The alternative vision is one that was envisioned by people like Roosevelt and others, where progress can lift all boats. It's one where can do attitude can solve problems like our running out of oil or unemployment and health care issues with progressive solutions and where society is seen as a place where progress floats all boats and there is no need to intentionally leave people stranded at low tide or drowning when the tide comes back in. I chose the second vision. The vision of what America can and should be is something I hold onto with faith. And my vision of religion as something that should inform reality not distort it makes an alternative to this dark, authoritarian and deeply self-delusive vision that I've been chronicaling on this blog lately.

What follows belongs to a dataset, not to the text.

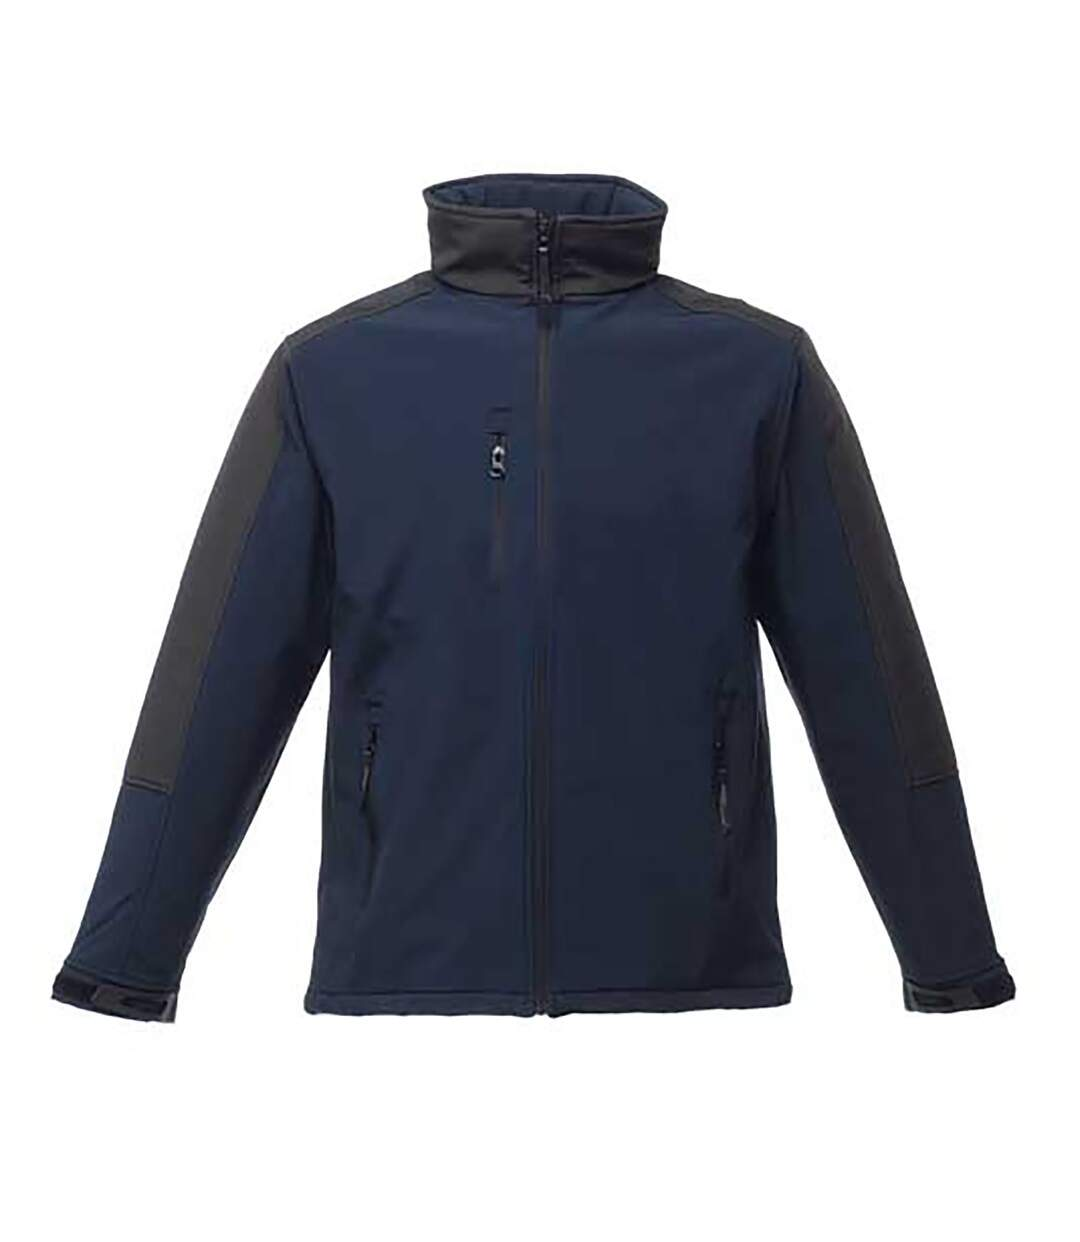 Regatta Mens Hydroforce 3-layer Membrane Waterproof Breathable Softshell Jackets (Black) - UTRG1629
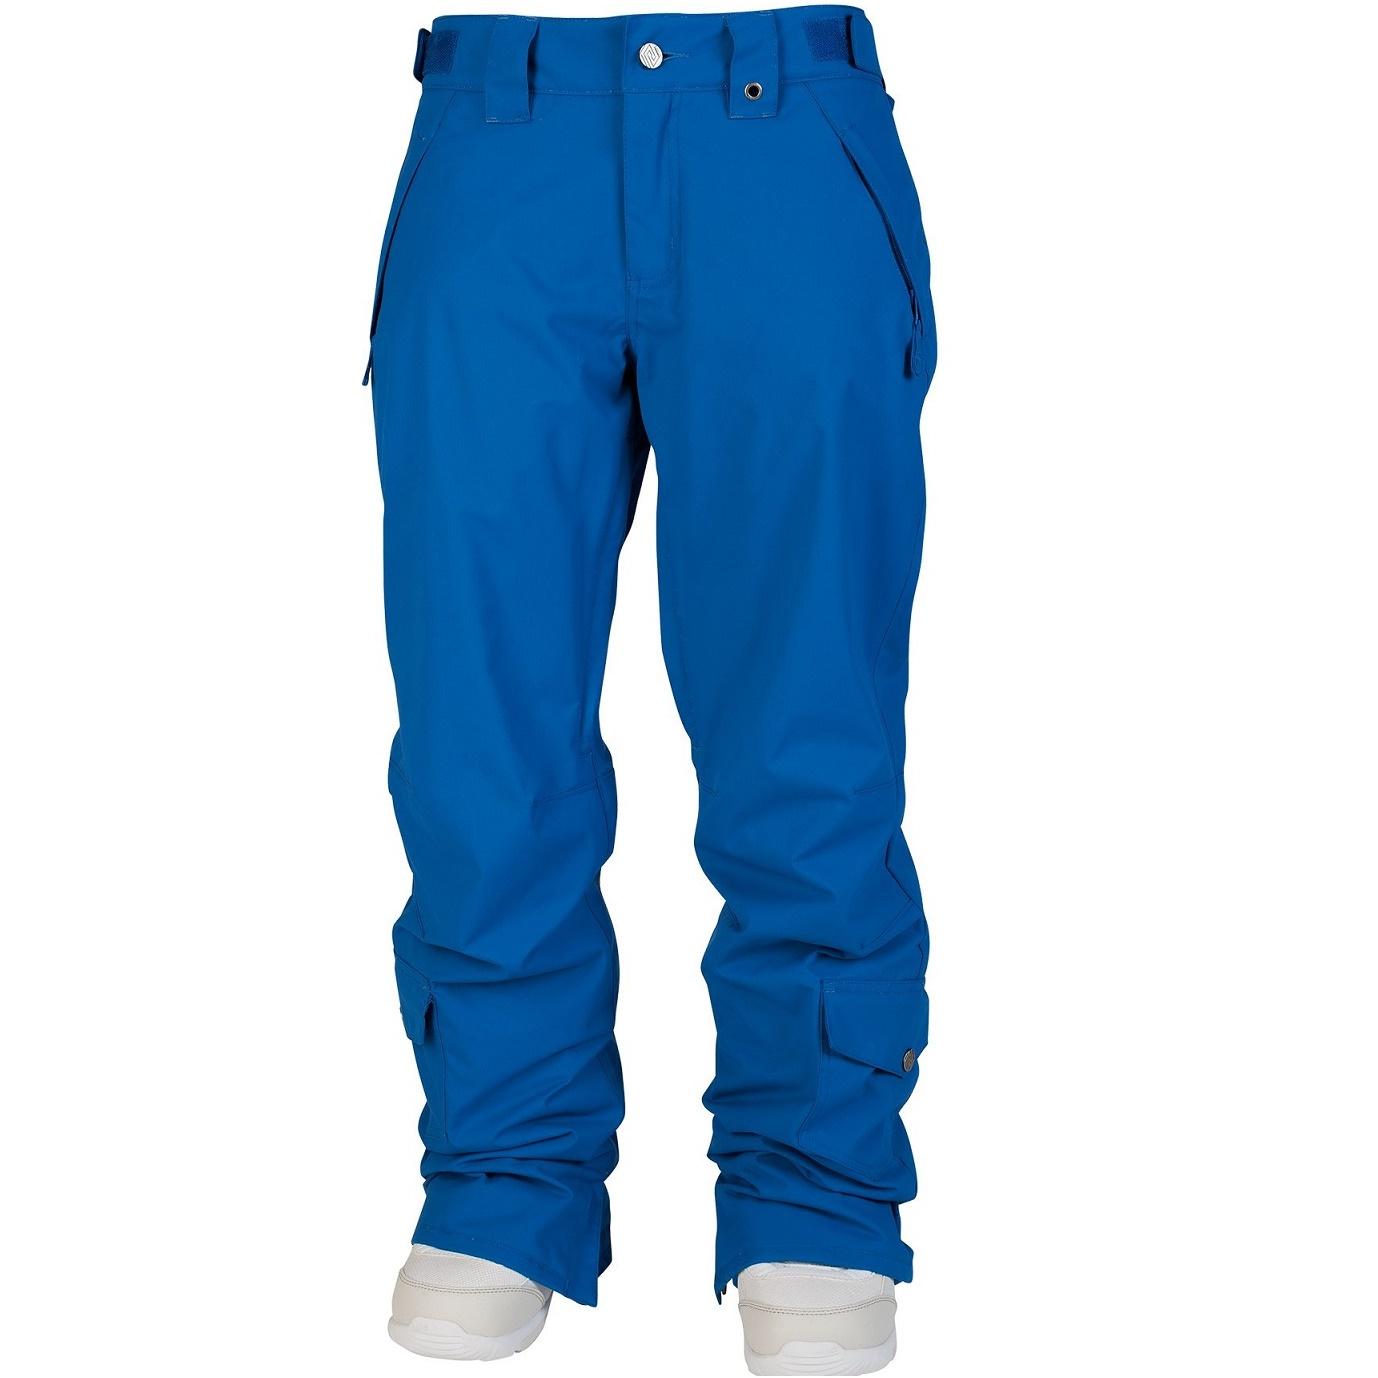 Nitro dámské kalhoty na snowboard So Quiet Blue Velikost: S Doprava zdarma

There are two visions at war with one another. I pray that the better vision wins. Otherwise how can people see?
Chris
Posted by cholte at April 8, 2005 09:48 PM I dig what you are saying. I don't think we ever followed the constitution. Certainly the Federal Reserve is unconstitutional. I have no more love of the U.S. and will be happy and at peace while it burns.
Philip
The Federal Reserve is fine with me. That has nothing to do with the kinds of things that our militarist folks would want to do.
John Marshall and the other founders were convinced that it's predecessor was constitutional -- but folks afraid of economic centralization have always differed with his opinion.